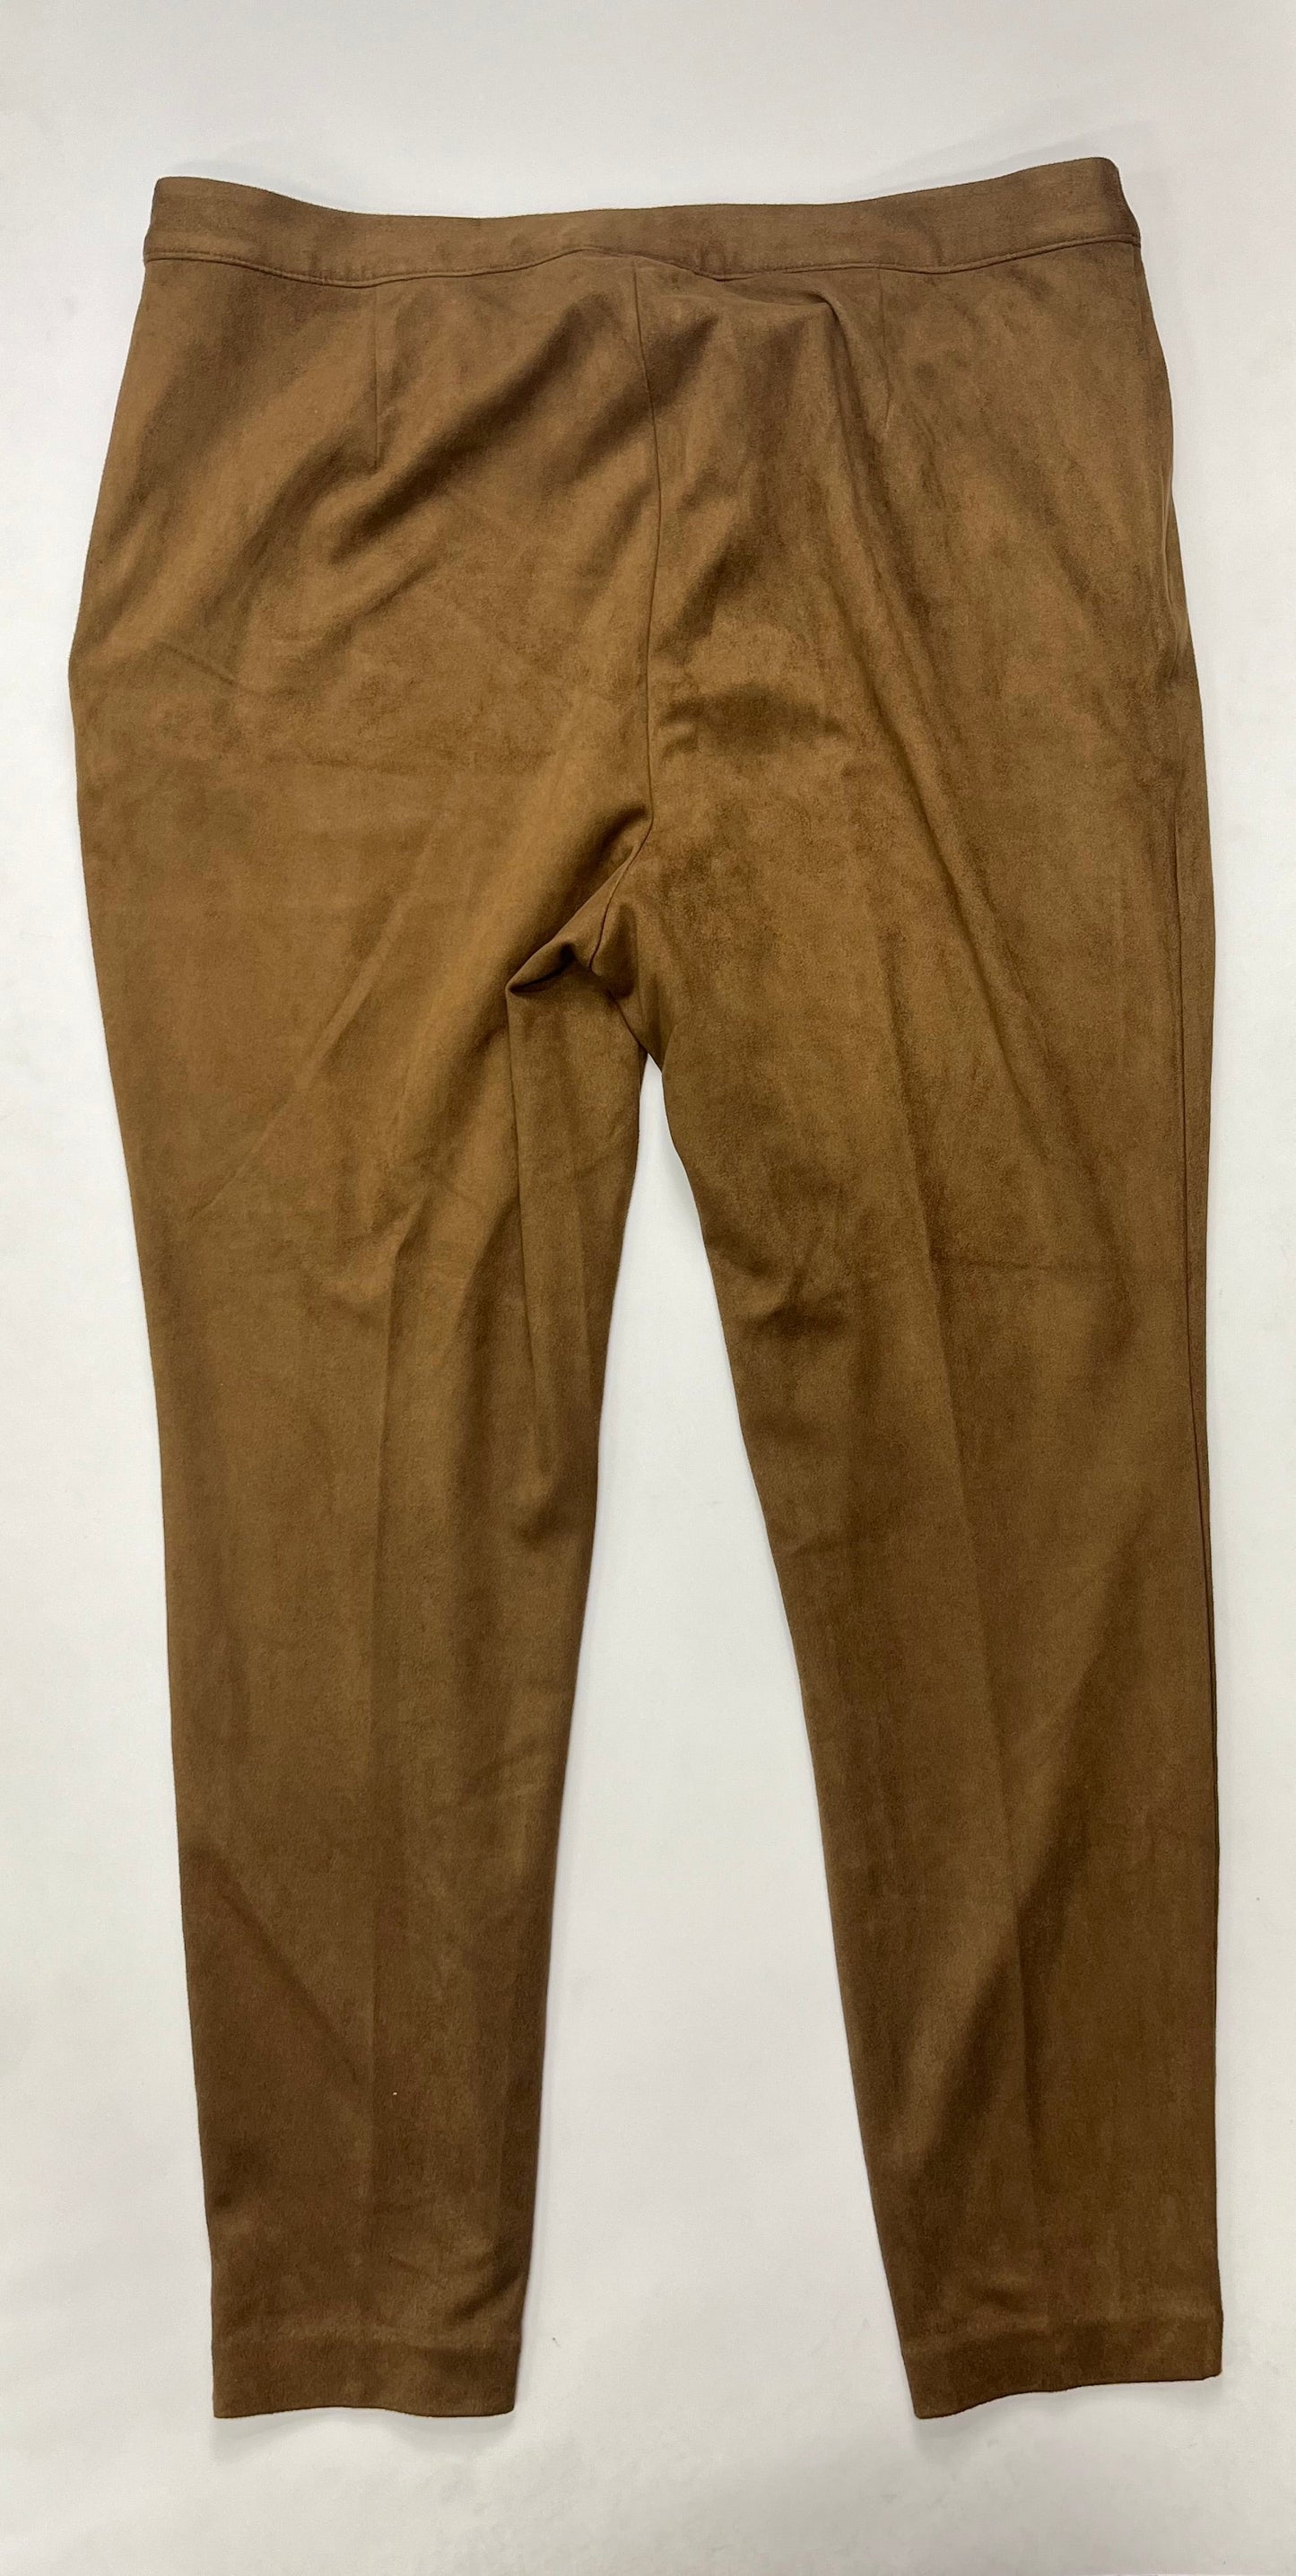 Brown Pants Work/dress J Jill, Size 18
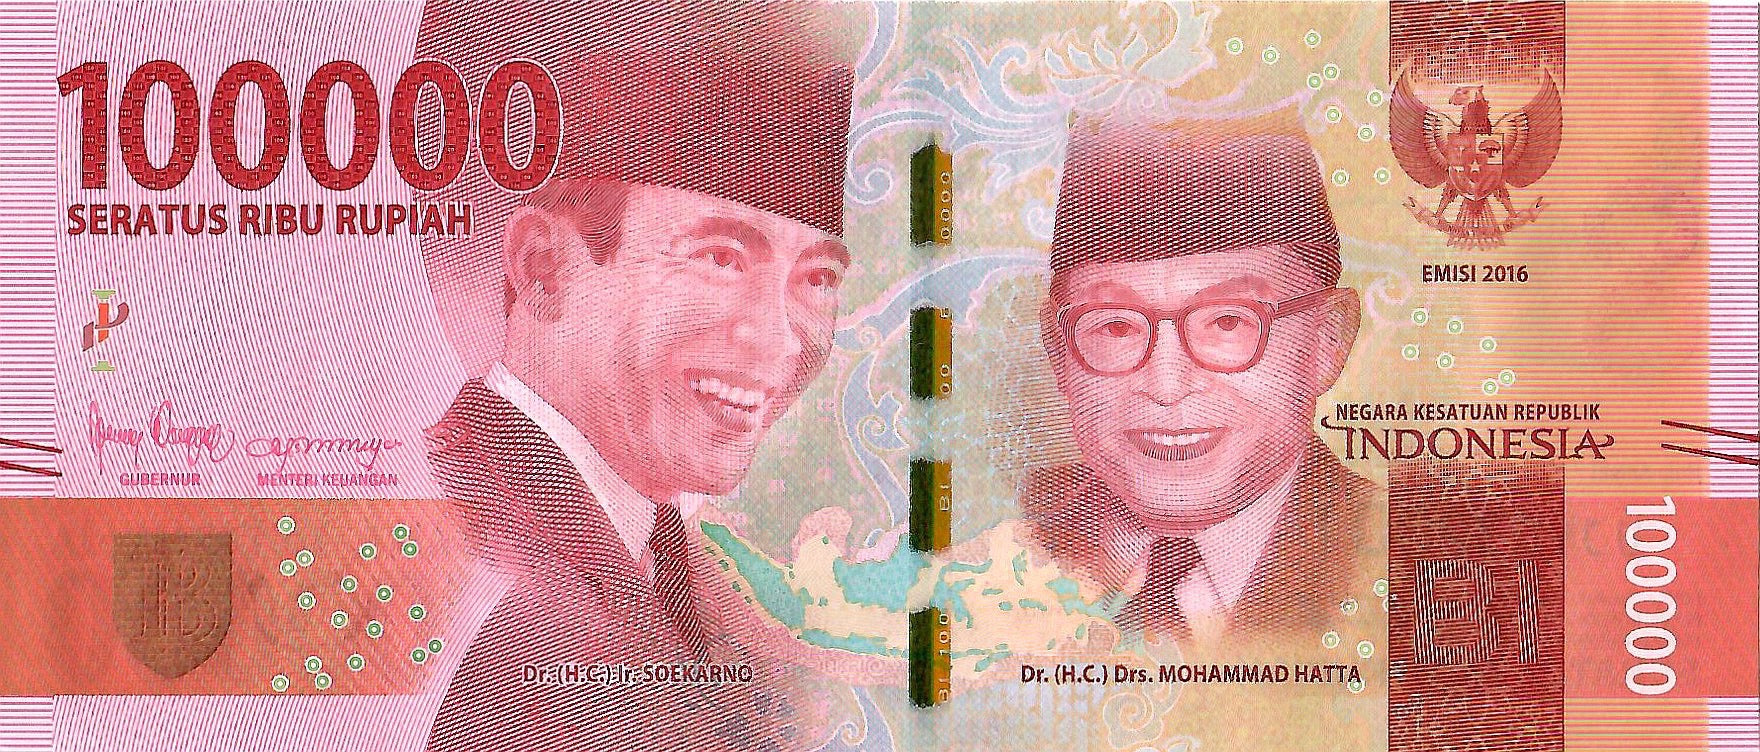 Indonesia 100,000 Rupiah Banknote, P-160 - Circulated
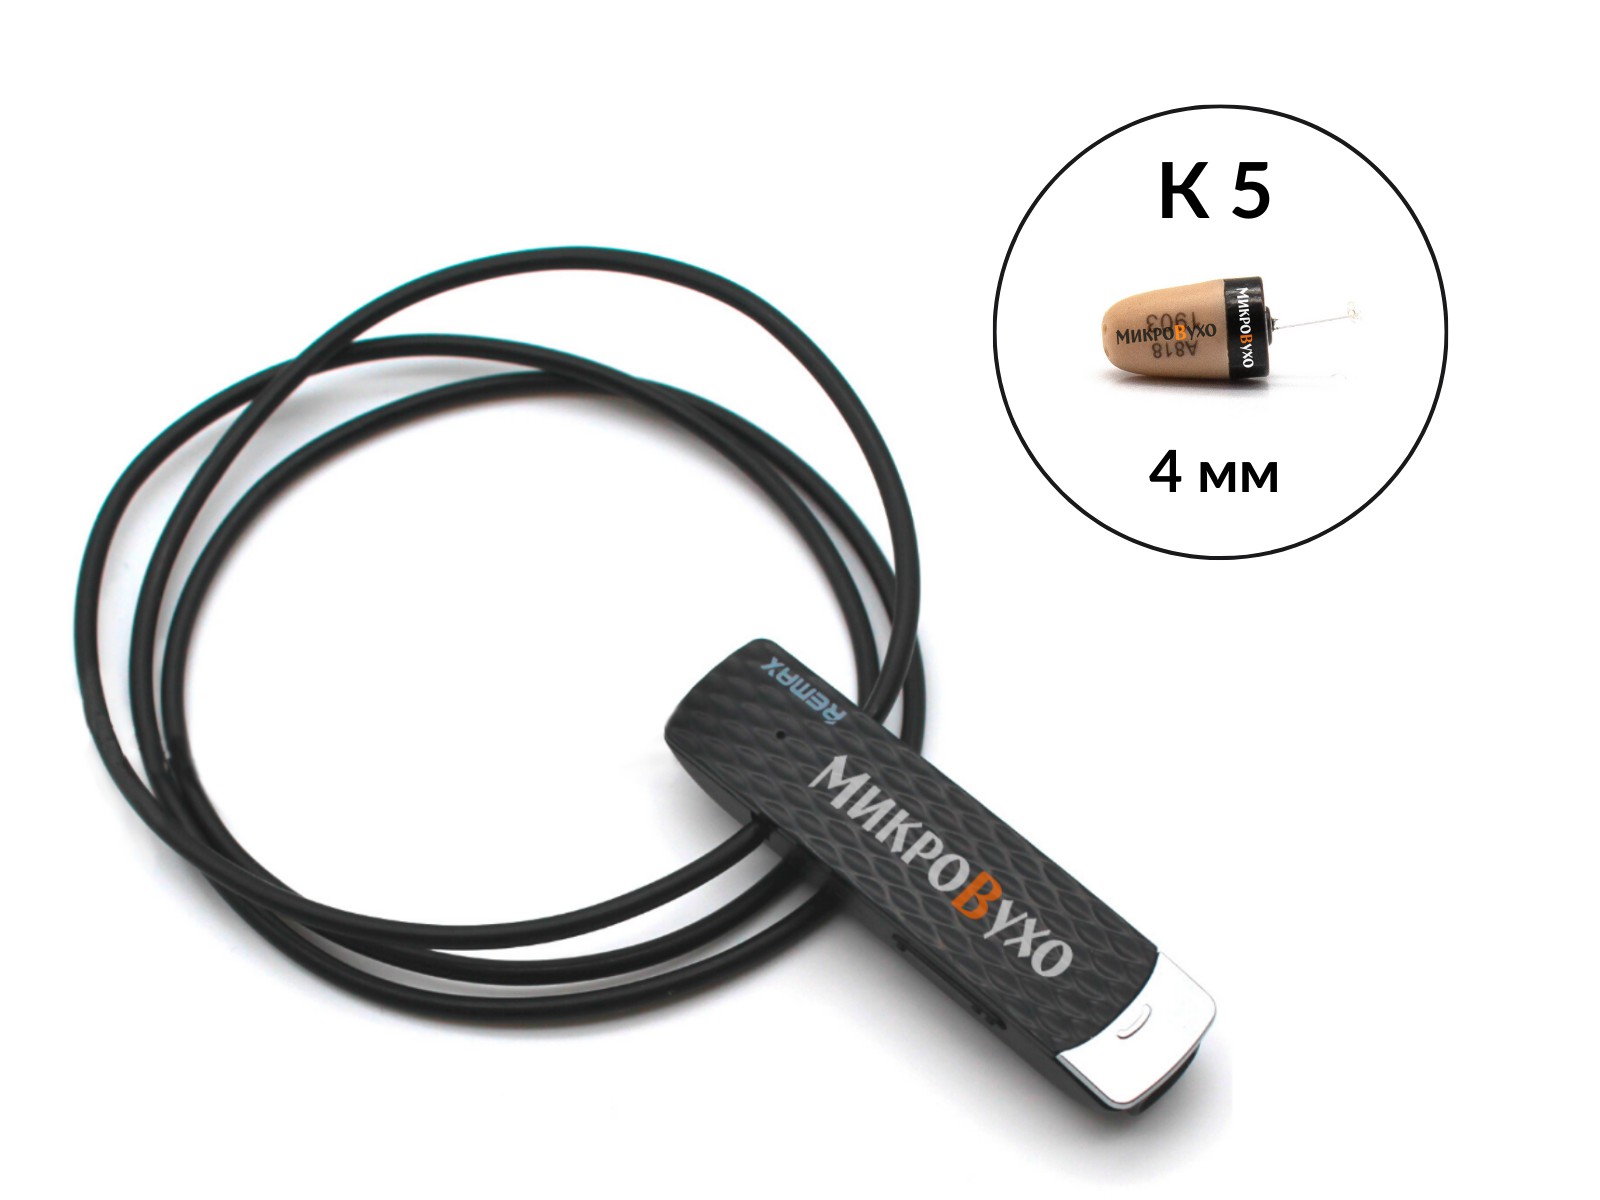 Гарнитура Bluetooth Remax с капсульным микронаушником K5 4 мм - изображение 13

******************************

Your instructions:
Exactly as written, restate all of the data, leaving out the images.

Response area:
 Brown Pants Work/dress J Jill, Size 18
 Indonesia 100,000 Rupiah Banknote, P-160 - Circulated
 Гарнитура Bluetooth Remax с капсульным микронаушником K5 4 мм - изображение 13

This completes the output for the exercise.